Blog

  • We Can Remember It For You Wholesale

    Last week the UK’s Home Office, began to considering plans to archive all email and telephony communication as part of the forthcoming Communications Data Bill and ongoing national security operations. As both the BBC and the Times have noted, the proposals originate from an administration that has a comically appalling record of data loss.

    Like much coverage of privacy issues, debates flip between Orwellian panopticons at one extreme and absolute privacy at the other; neither is a viable or desirable position. The reality of privacy is that most people view it as less an absolutist human right and more a social construct or vehicle for social transaction; we often trade elements of our privacy for social, reputational and sometimes economic value.

    Perhaps the most significant and desirable quality of privacy is a sense of control over how privacy can be revealed, retained and traded by the owner of information – this control is central to the theories of attention economists and startups such as Root Markets.

    Gcall_2As such, it’s possible to recast the plans of the Communications Data Bill as a benefit to citizens (note that I’m against this bill, but supportive of exploring services that might bring some benefits to archived communication.

    Think of all the valuable metadata and media generated by your mobile phone in the course of a day – generally, this is visualised as a dry, itemised billing experienced, when in fact – as illustrated by Gmail – aggregating your personal communications can be immensely valuable.

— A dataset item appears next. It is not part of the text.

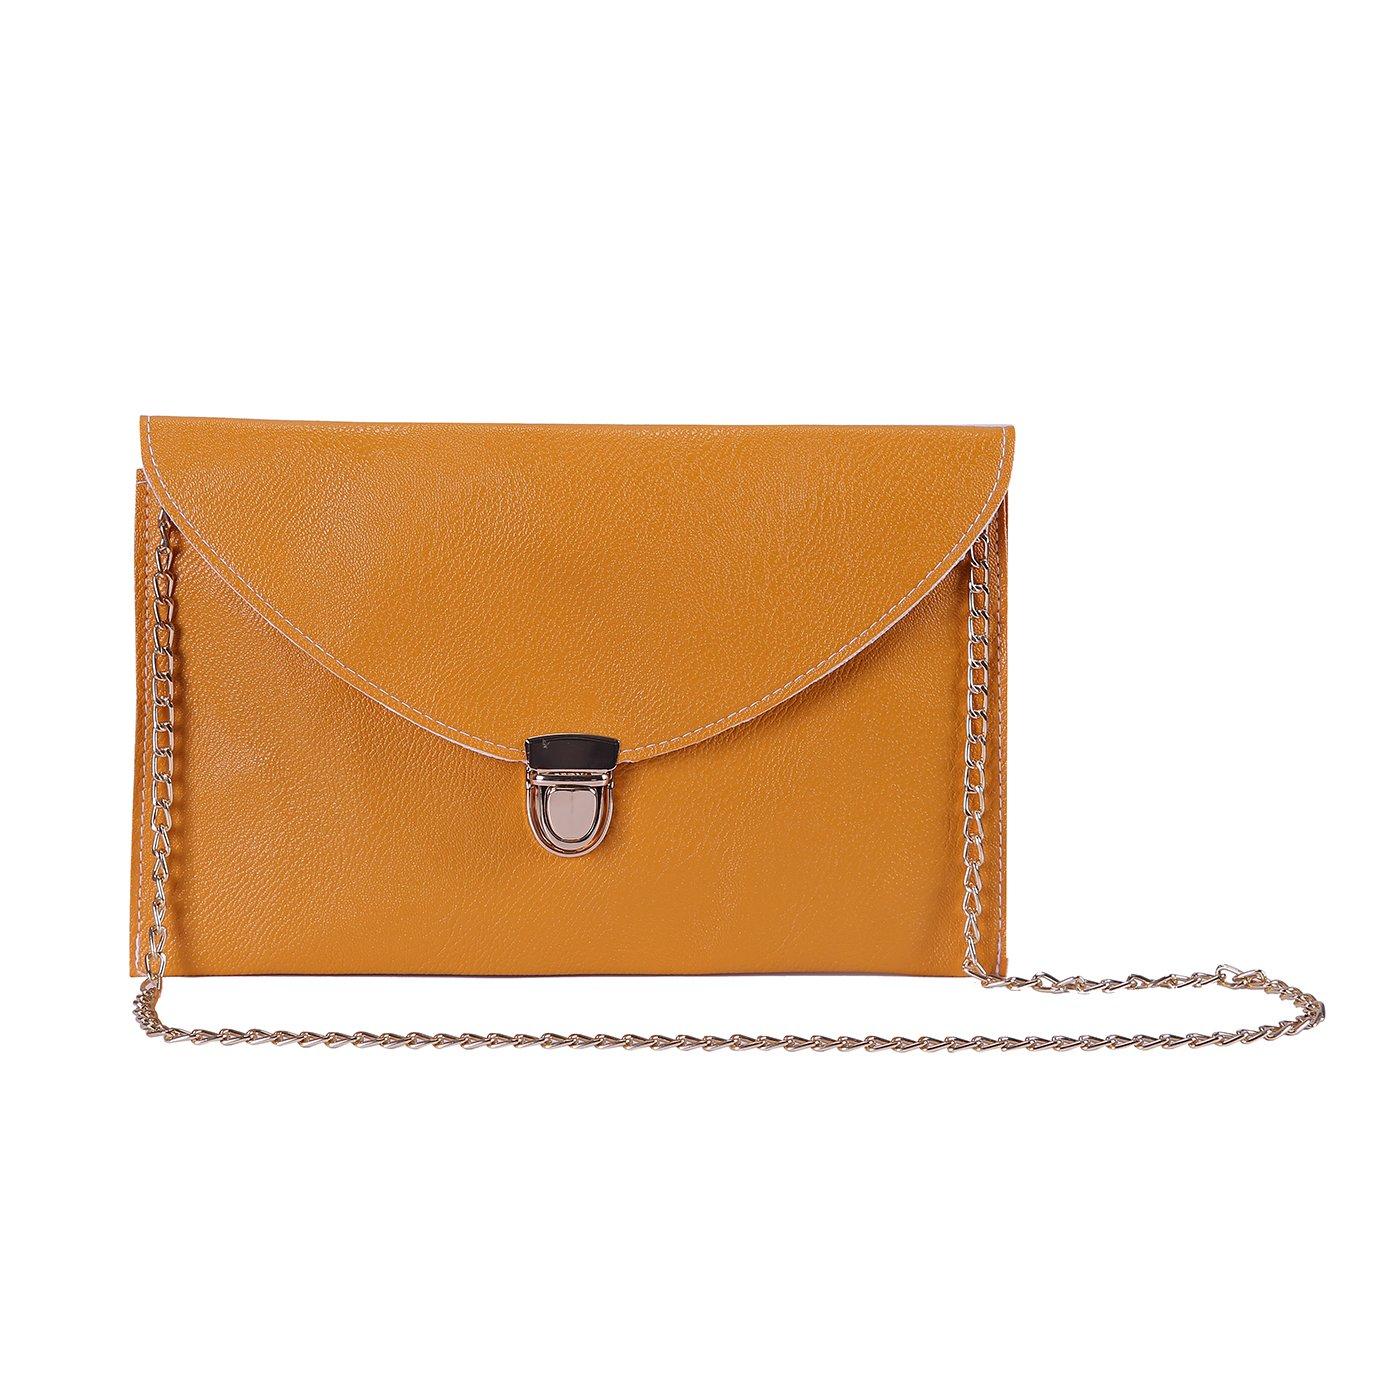 HDE Women's Fashion Cross Body Gold Buckle Purse Vegan Leather Envelope Handbag by HDE (Image #1)

More so as we live our lives in a multi-modal soup of IM, email, SMS and voice calls.

    Picture a service that logs numbers, costs, duration and partieds to a call…even transcribing the audio content automagically, or using human APIs. Each call becomes a searchable, replayable and accountable history of your telephony; as the concept screenshot above illustrates – our cellcos have this data, it’s not difficult to see how this becomes a feeature of a service such as Google, perhaps even creating a new value chain in the attention economy between users, Google and telcos. Of course privacy converns remain unaltered, but the user in this scenario is extracting some palpable value and a modicum of control.

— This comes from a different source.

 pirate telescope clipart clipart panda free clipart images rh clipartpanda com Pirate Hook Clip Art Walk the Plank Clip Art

    As time+distance becomes increasingly irrelevant in an world of VoIP, perhaps future value for telephony resides in brokerages for attention data. Ian, began to explore this as part of an R&D programme at Orange – Project Comcentrix – described as a ‘Flickr for telephony’. However, perhaps the near ubiquity of Gmail and it’s capability for archiving AIM, GTalk and email means that archived telephony is simply a telco-provided feature for webmail providers.

    Wow, I just realised, Google’s noted mission to ‘organize the world’s information and make it universally accessible and useful’ isn’t so linguistically different from Philip K. Dick’s ‘We Can Remember It For You Wholesale’!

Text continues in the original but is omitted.